We can see that the eigenvalues are not necessarily listed in a decreasing order.

# Microarray gene expression data
## How to compile
gcc diurnal_main.c graph_ftn.c mat_vec.c neighbor_ftn.c eigen_ftn.c -o diurnal -lm -pedantic -Wall

## What it does

We may provide plots of the eigenvectors for different values of $k, \rho$, and $m$. The row index refers to different 22,810 genes and column index refers to the eigenvector. As an element of an image is darker(closer to red), it means that it has larger value. 

### $m$ = 10

when $k = 10, \rho = 0.99$

![correlated.png](evecs-10-10-0.99.png)

eigenvalues are

1.000000, 0.990903, 0.992575, 0.976974, 1.000000, 0.964016, 1.000000, 0.999998, 0.999987, 0.999996

when $k = 10, \rho = 0.9$

![correlated.png](evecs-10-10-0.9.png)

eigenvalues are

1.000000, 0.993385, 0.992235, 0.993210, 0.992455, 0.991228, 0.991488, 0.999819, 0.991798, 0.989906

when $k = 3, \rho = 0.99$

![correlated.png](evecs-3-10-0.99.png)

eigenvalues are

1.000000, 0.961815, 1.000000, 0.962020, 1.000000, 0.954808, 1.000000, 0.977381, 0.966784, 1.000000

when $k = 3, \rho = 0.9$

![correlated.png](evecs-3-10-0.9.png)

eigenvalues are

1.000000, 0.997873, 0.997841, 0.997725, 0.997745, 0.997755, 0.997847, 0.998037, 0.997547, 0.997715

### $m$ = 20

when $k = 3, \rho = 0.99$

![correlated.png](evecs-3-20-0.99.png)

eigenvalues are

1.000000, 0.961815, 1.000000, 0.962020, 1.000000, 0.954808, 1.000000, 0.977381, 0.966784, 1.000000, 0.983982, 0.954315, 1.000000, 1.000000, 1.000000, 1.000000, 1.000000, 1.000000, 1.000000, 1.000000

## Conclusion

Note that the eigenvector finds highly correlated genes as a result.

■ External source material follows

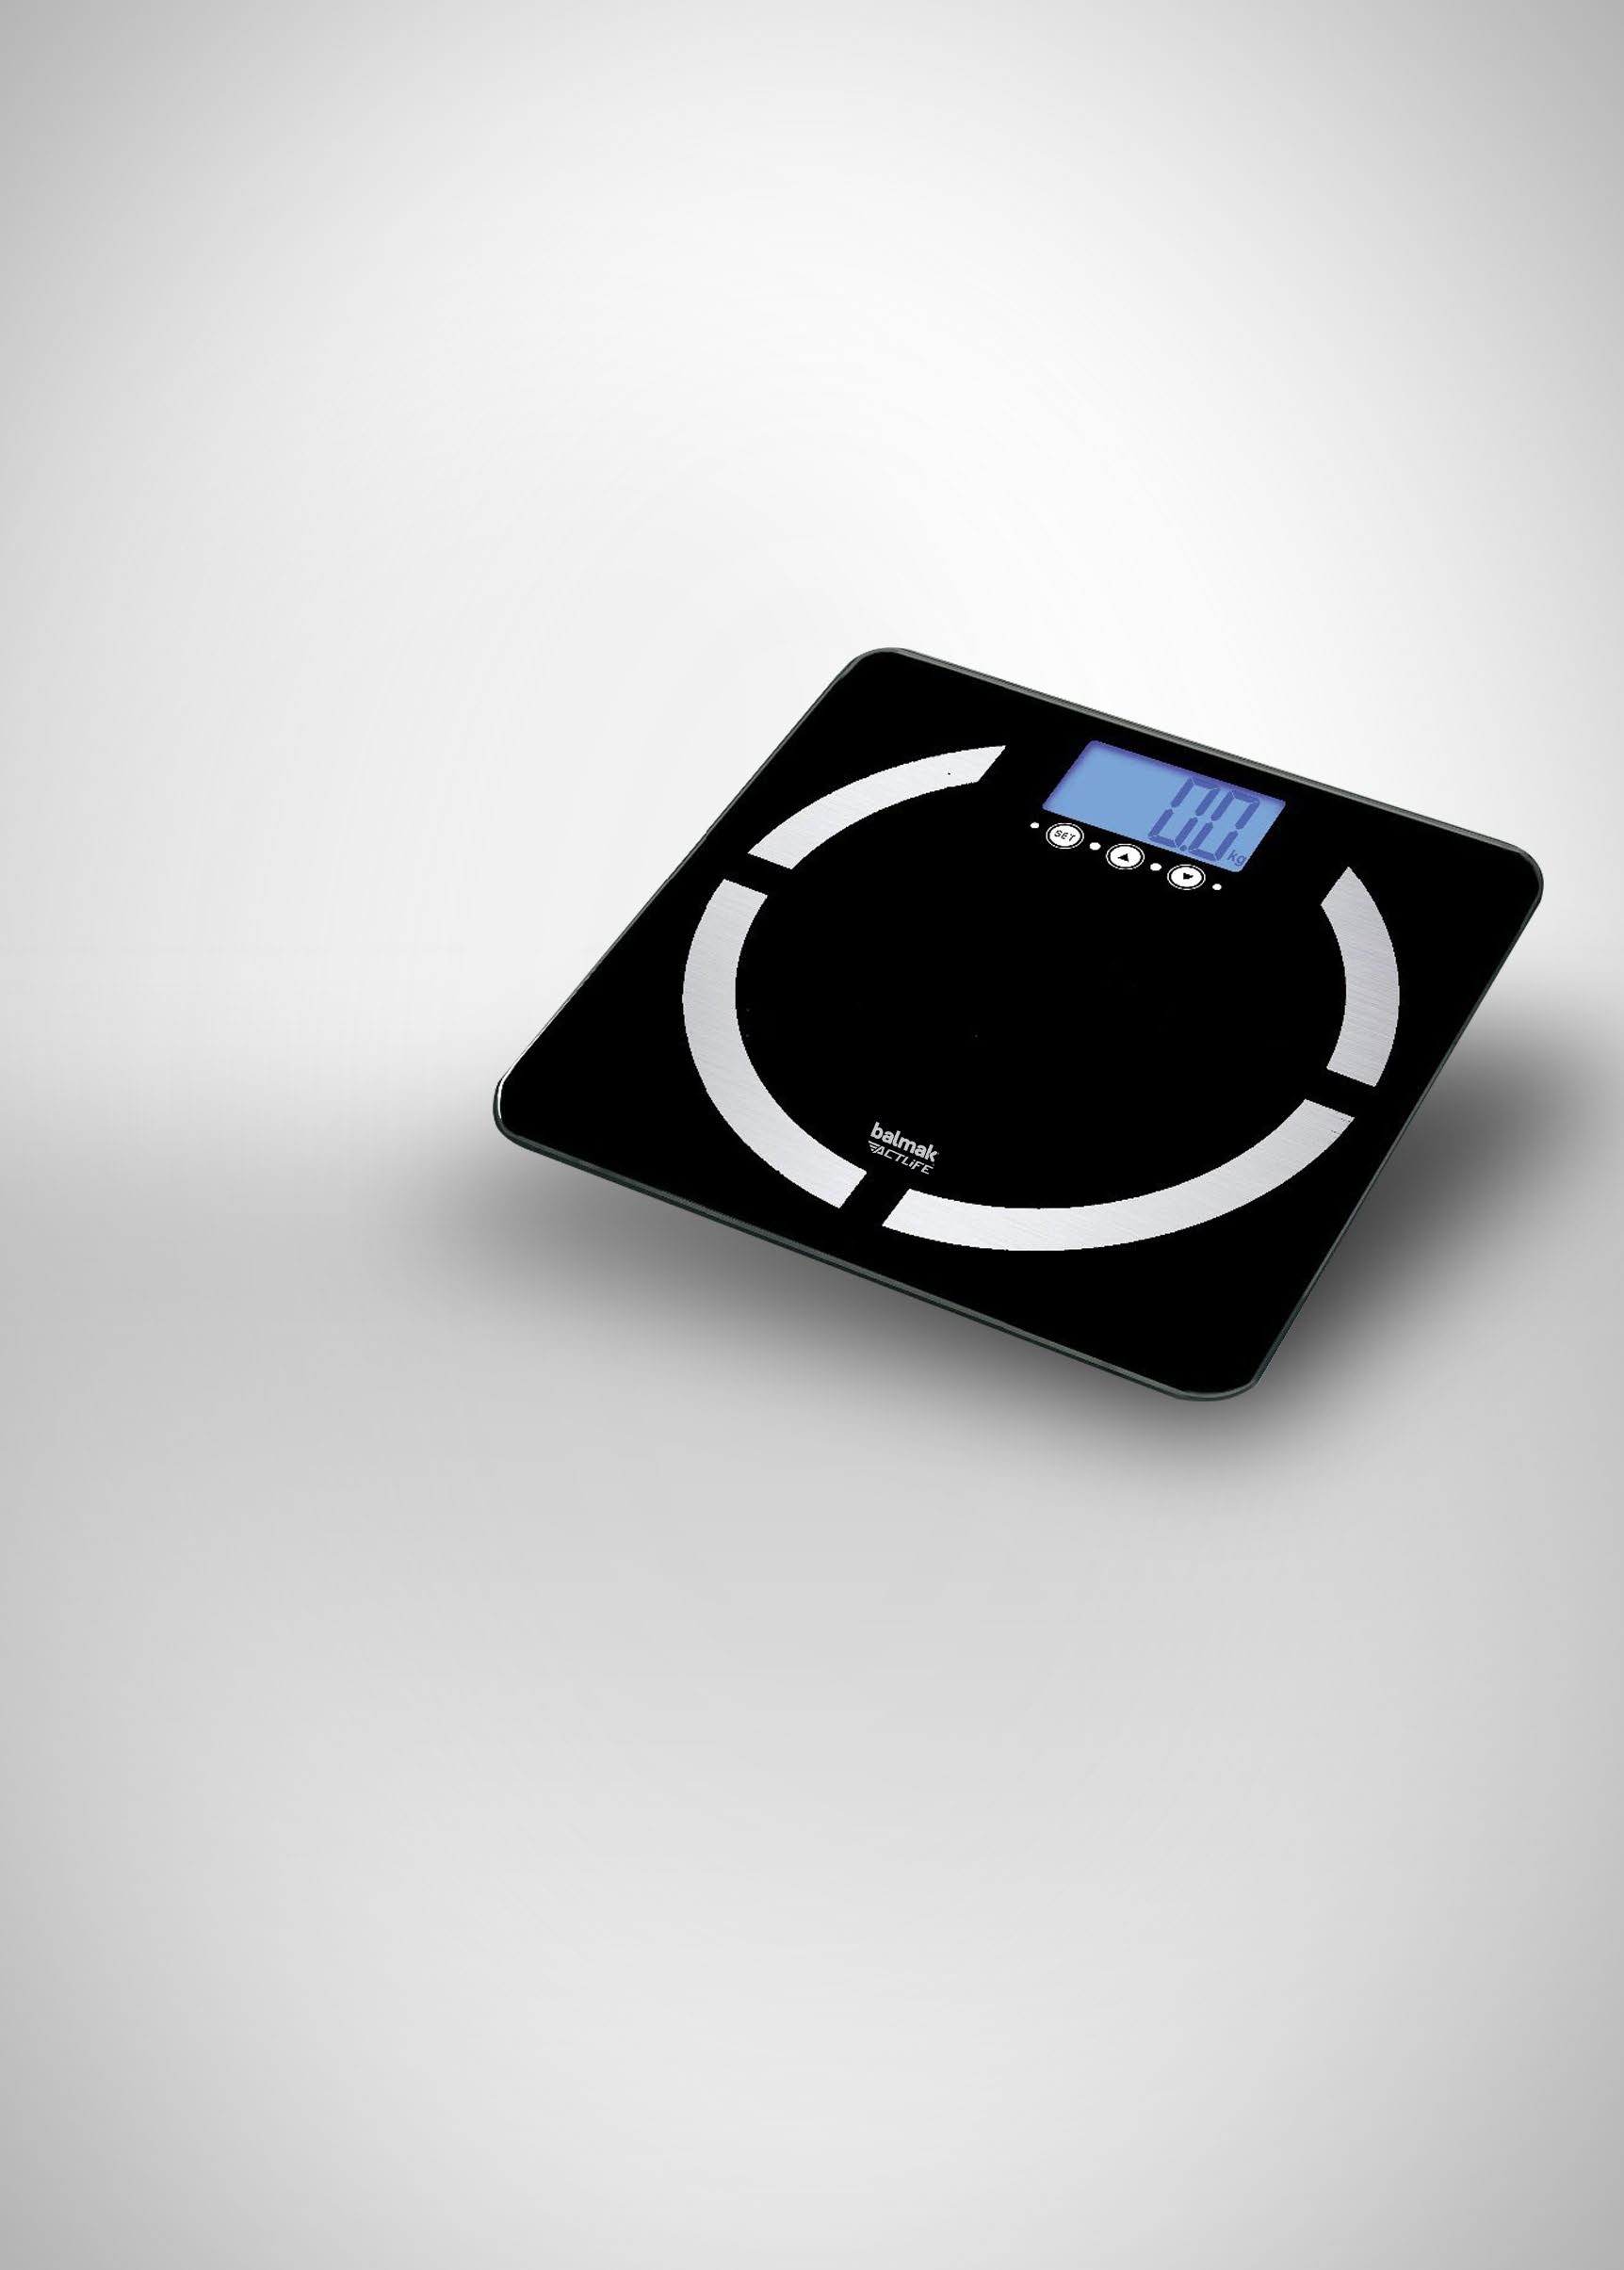 SLIMTOP-180 Balança digital de análise corporal, para pesagem e medição do percentual de Gordura, Massa Muscular, Massa Óssea e Água

For instance, for $k = 10, m = 10, \rho = 0.99$ case, the first five highest elements in the first eigenvector is of **259970_at, 263122_at, 258677_at, 248080_at, 264692_at**.(7741, 4589 ,9034, 19631, 3019-th row of the data matrix) Its correlation matrix is almost all equal to 1, which implies that all of them are highly correlated.

![correlated.png](correlated.png)

In this way, we can find those genes that are highly correlated by setting appropriate valeus of $k, \rho$, and $m$

# All possible strings of *ACGT*
## How to compile
gcc acgt.c -o acgt

You may set strlen = 16 and max = 4^16 if you want.